The greatest common divisor of the first query ranges from 0 and 1, so the GCD of 10 and 5 is 5.

The GCD of the second query ranges from 2 and 4, so the GCD of 18, 9, 24 is 3.

The greatest common divisor of the first query ranges from 0 and 3, so the GCD is 1.

## Algorithm

1. Start with a section arr[0] to arr[n-1], and continue partitioning into equal parts. Each time we partition the current section into equal parts. Then recursively call for the two parts. And for each such segment, we store the greatest common divisor value in a segment tree.
2. Build a segment tree which will be filled aside from the last level.
3. Each node of the segment tree stores the GCD of all the elements corresponding to a certain range.
4. For finding out the query of GCD, if the node’s range will be in startQuery and endQuery, then return the value in node.
5. Else if, the range is not valid, then return the null or -1.
6. Else return the recursive call of GCD function.

## Explanation

We are given an integer array and q number of queries. Each query contains the range as startQuery and endQuery. Within this range, we have to find out the greatest common divisor of all the numbers that satisfy the given range. For this we are going to build the segment tree, we will be solving the queries in the efficient time of log N*log n.

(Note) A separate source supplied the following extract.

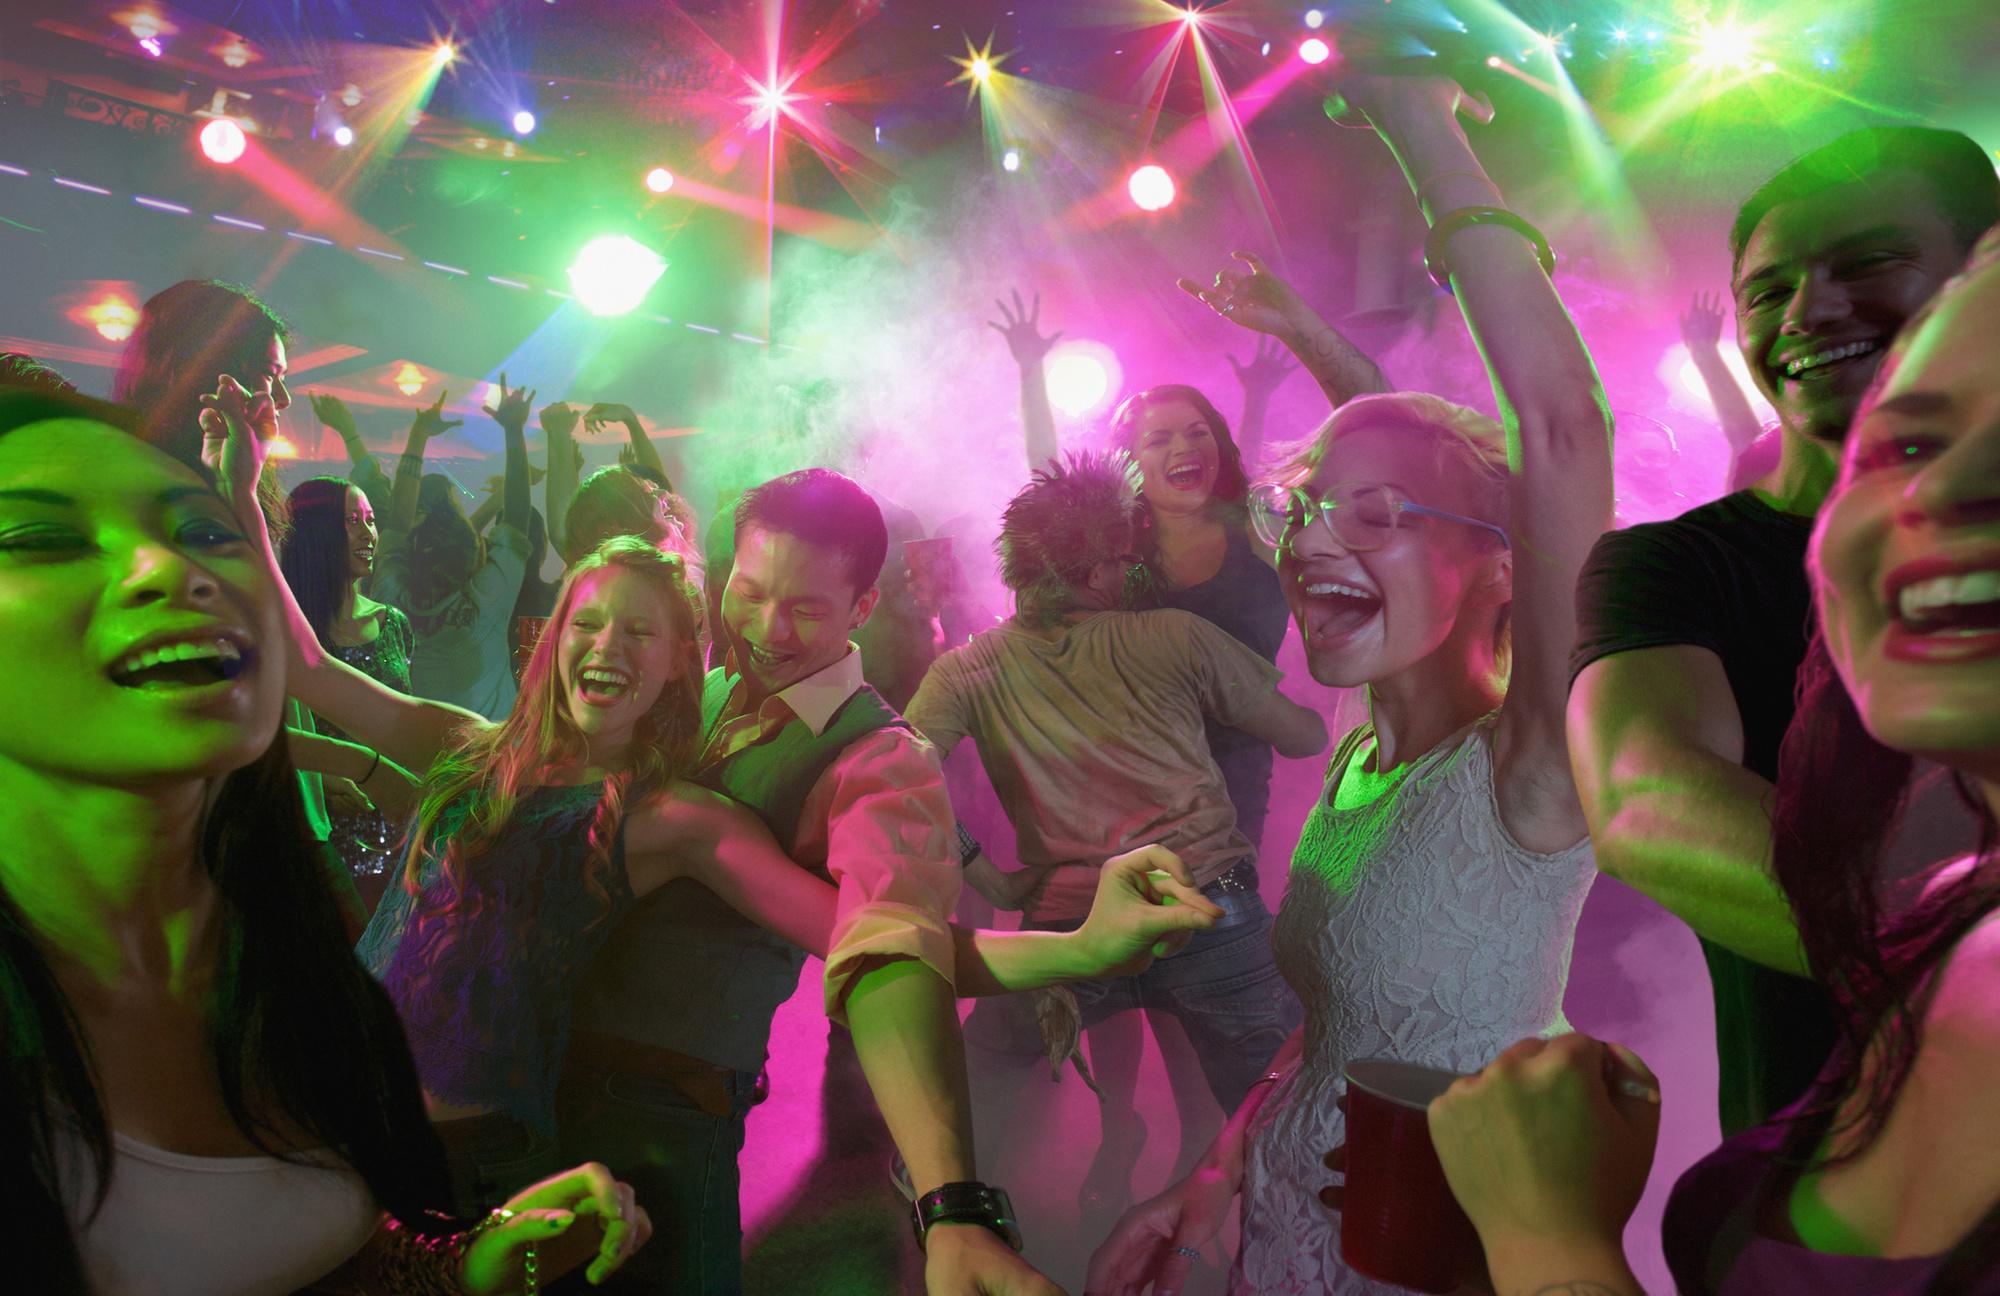 L'on pourra à nouveau danser, comme lors des fêtes de mariage., GETTY IMAGES

We will start building the segment tree from the 0th position of the array to the last position of the array, and the important part is dividing the array into two halves. We will continue dividing it until the length of the array is one, then in the next step recursively call the function to both of the parts of the array. Here we will be storing the greatest common divisor in a node of a tree. All the internal nodes will not be null, except leaf nodes. The tree so formed will be a binary tree. Because there are two parts of the array at every node level. But compared to a binary tree, where the nodes represent a range instead of a single number.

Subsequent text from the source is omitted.